On 8 December at 14:15 Holger Virro will defend his doctoral thesis “Geospatial data harmonization and machine learning for large-scale water quality modelling” for obtaining the degree of Doctor of Philosophy (in Geoinformatics).

Supervisors:
Associate Professor Evelyn Uuemaa, University of Tartu
Dr Alexander Kmoch, University of Tartu

Opponent:
Associate Professor Victor Francisco Rodriguez Galiano, University of Seville (Spain)

Summary
The state of freshwater quality continues to deteriorate worldwide due to agricultural pollution. In order to combat these issues effectively, water quality modeling could be used to better manage water resources. However, large-scale water quality models depend on input datasets with good spatial coverage.

The aim of the thesis was to improve and harmonize datasets for water quality modeling purposes and create a machine learning framework for national-scale modeling.

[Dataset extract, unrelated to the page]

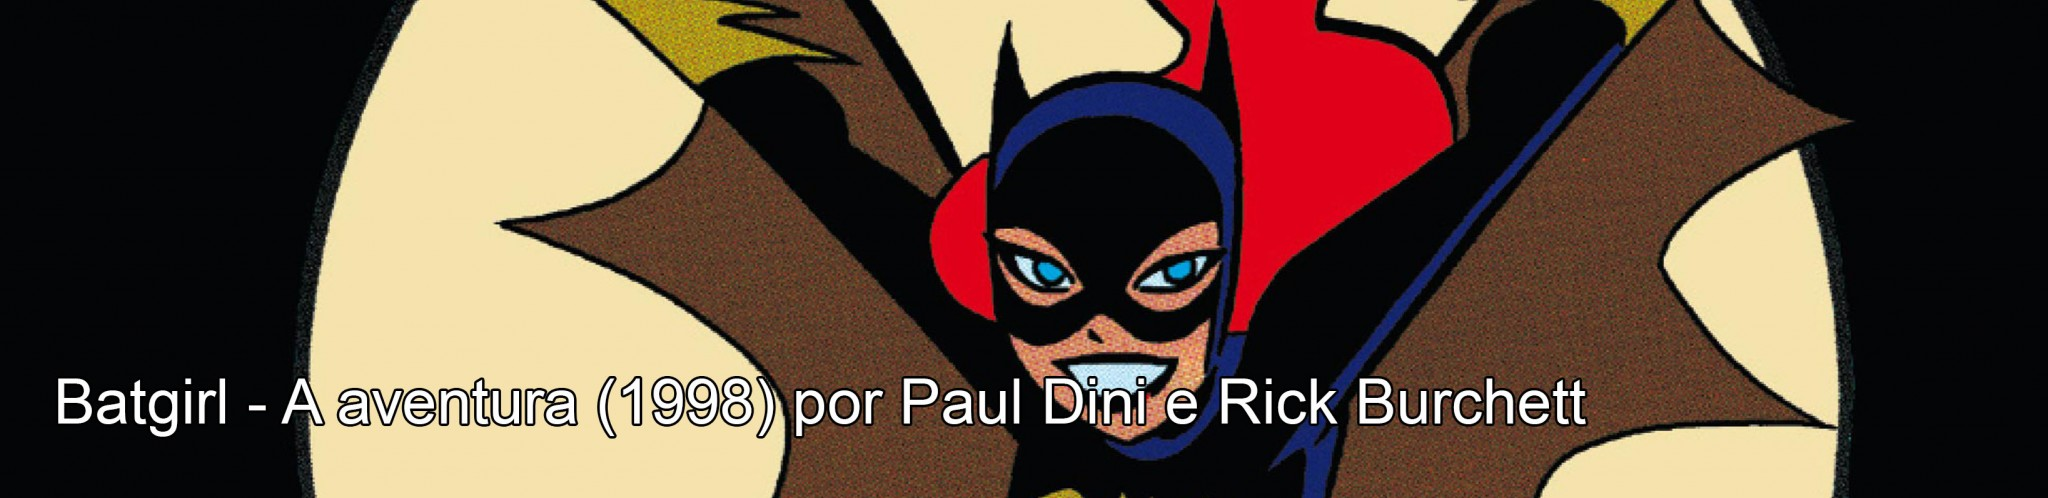 por Paul Dini e Rick Burchett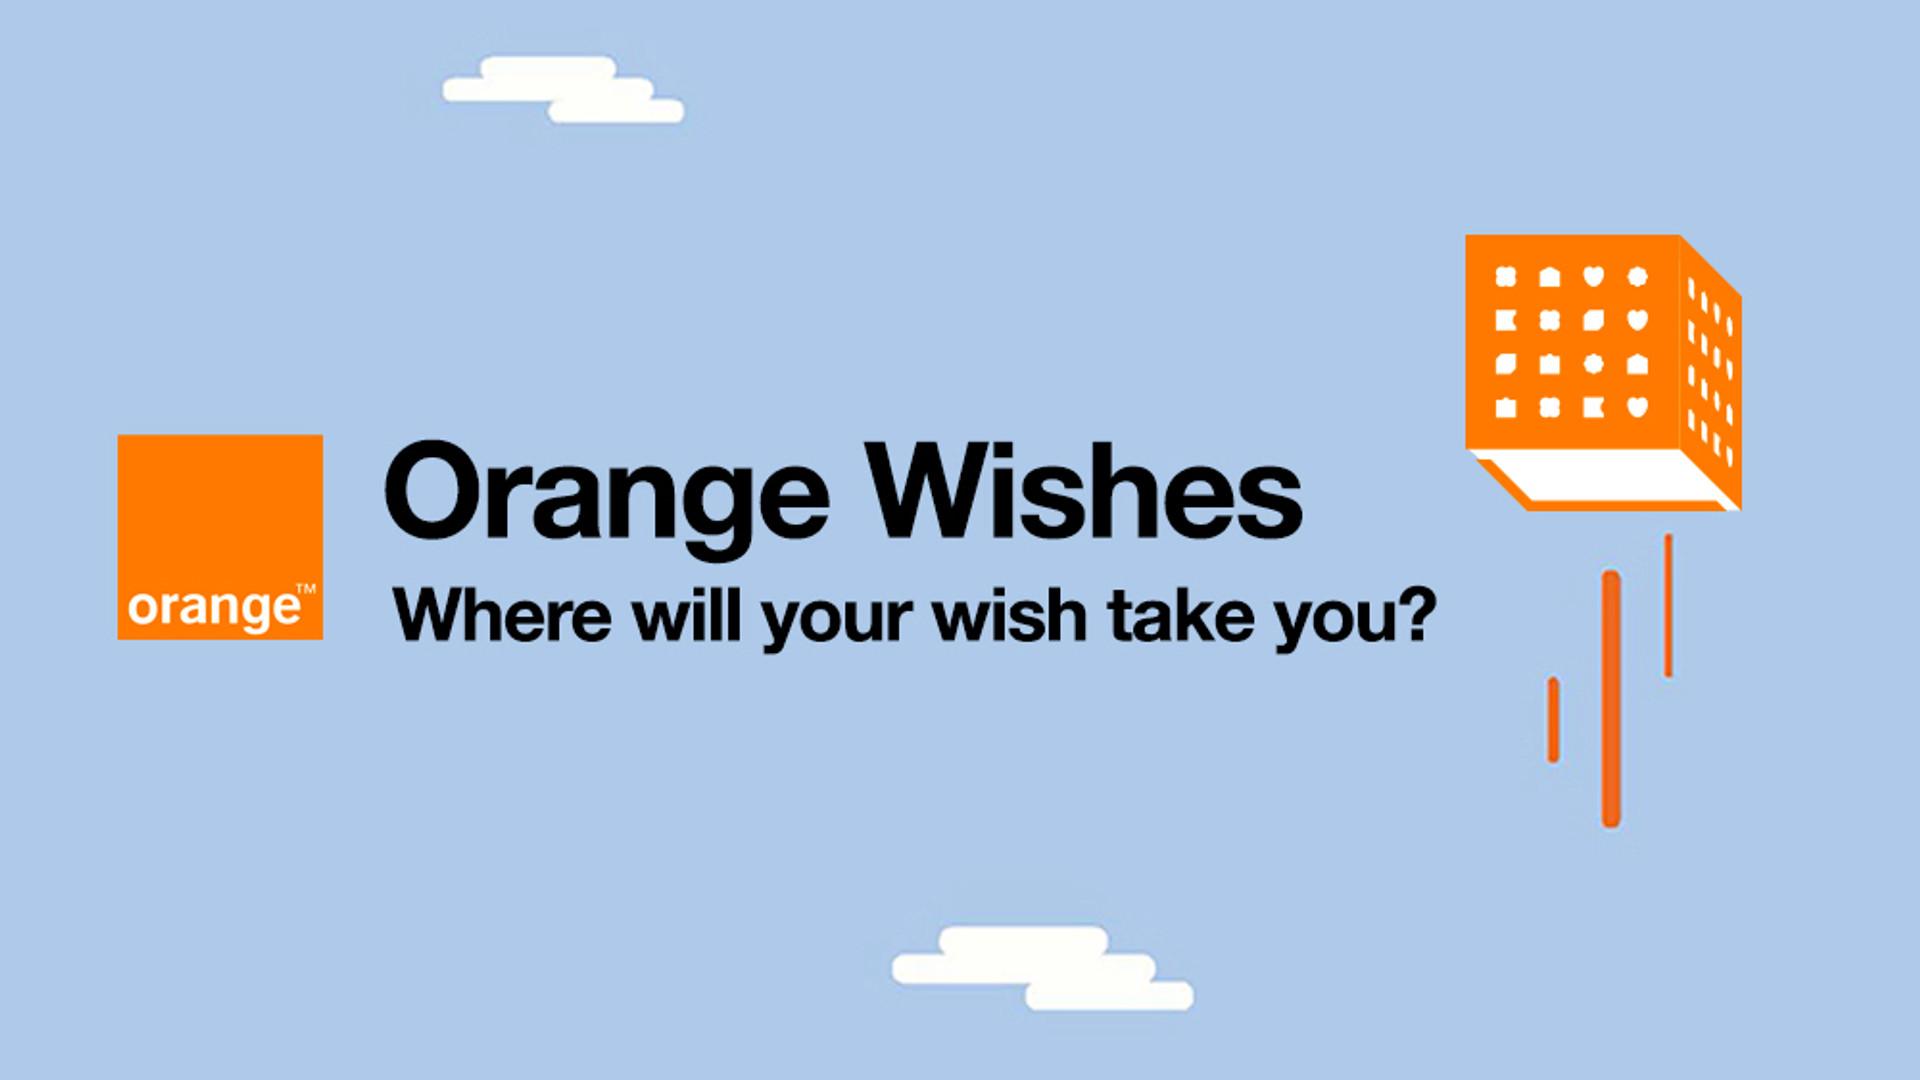 Orange Wishes

We created EstSoil-EH as a new numerical soil database for Estonia by converting the text-based soil properties in the Estonian Soil Map to machine-readable values. We used it to predict soil organic carbon content using the random forest machine learning method and found that the conditions of sampling locations affected prediction accuracy. We improved the global coverage of water quality data by producing the Global River Water Quality Archive (GRQA), which was compiled from five existing large-scale datasets. The compilation involved harmonizing the corresponding metadata, flagging outliers, calculating time series characteristics and detecting duplicate observations. We developed a framework suitable for national-scale water quality modeling based on lessons learnt from predicting soil carbon content. We used 82 environmental variables, including soil properties from EstSoil-EH as features to predict nutrient concentrations in 242 river catchments. The resulting models achieved accuracy comparable to the ones used previously in the Baltic region. We found that the size of the catchment influenced accuracy, since predictions were less accurate in smaller catchments. The models maintained reasonable accuracy even when the number of features was reduced by half, which shows that the relevance of features is more important than the amount. This flexibility makes our models applicable in areas that are otherwise lacking in the input data needed for extracting features.